Some states pursue unclaimed property quite aggressively, because it could mean significant revenues for them. In a Supreme Court case, something as simple as not having a known address for the customer or vendor results in the state of incorporation becoming entitled to that property. Delaware is the state of incorporation for most of corporate America, and this state has claimed billions of dollars in unclaimed property over the past several years. The audit campaigns launched by the state of Delaware are distinctly focussed on unclaimed property, because, in their estimation, as much as 95% of companies are non-compliant in this area of tax assessment. Tax audits can go back as far as 15 years if a company has not kept adequate records. This, naturally, has a huge impact on the affected companies.
Other states are increasing their focus in this area of interest. Bands of third-party contingent-fee auditors are hired to conduct audits across multiple states, with their primary aim being to recover unclaimed property. As little as only 2% of what is investigated will find its way back to the actual owners.
Companies need to educate themselves on the changes in these rules, and the differing deadlines for unclaimed property. Compliance reporting is a fall deadline for most states. The rules in these states are specific regarding what and how property gets reported on. The vast changes in unclaimed property reporting rules over the past several years may even be missed by sophisticated entities. Companies that prove to be non-compliant tend to be first in line for audits, placing a significant compliance burden on them.
States have honed their ability to identify potentially non-compliant companies, which usually results in large penalties and fees levied against these companies. The most likely entities to be found to be non-compliant are companies owned by foreign parent companies. The states have learned to target these entities, as it is common that the foreign entities do not understand the U.S. tax requirements in enough detail to ensure they are compliant when reporting season is upon them.

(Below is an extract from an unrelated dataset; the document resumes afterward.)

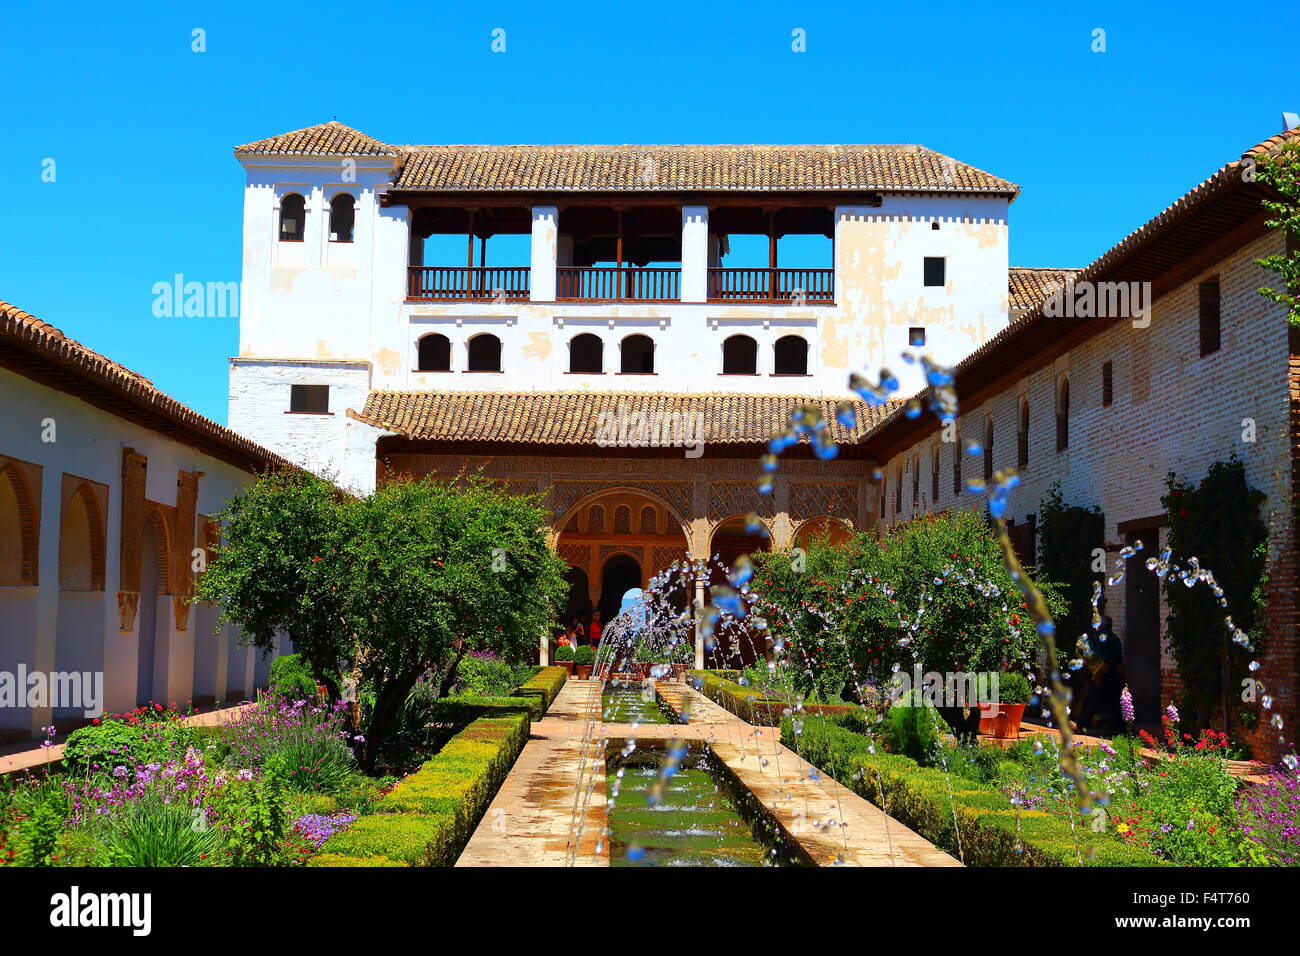 The Water Channel Court, and fountain is the most important part of the Generalife, La Alhambra. Stock Photo

Companies that tend to claim expenses as a cost of conducting their business, need to be aware of the tax implications of doing so. As an example, issuing credit to a customer results in an expense to the business because sales revenue has already been reduced by the credit amount extended to the customer. Uncashed checks issued to vendors would create the same type of effect. A whole series of new accounting rules have come about regarding more complex situations such as gift cards. Companies that issue gift cards essentially end up needing to maintain three sets of financial records: one for tax, one for unclaimed property and the third for the reporting of their financial statements.
So, in summary, any organizations preparing for the fall reporting season need to pay particular attention to the unclaimed property aspects of their financials, and ensure the requirements for their particular state have been met in this regard.
Readers should note that this article is only intended to convey general information on these issues and that FAS CPA & Consultants (FAS) in no way intends for the contents of this article to be construed as accounting, business, financial, investment, legal, tax, or other professional advice or services. This article cannot serve as a substitute for such professional services or advice. Any decision or action that may affect the reader’s business should not rely solely on the contents of this article, but should rather be consulted on with a qualified professional adviser. FAS shall not be responsible for any loss sustained by any person who relies on this presentation. This article is subject to change at any time and for any reason.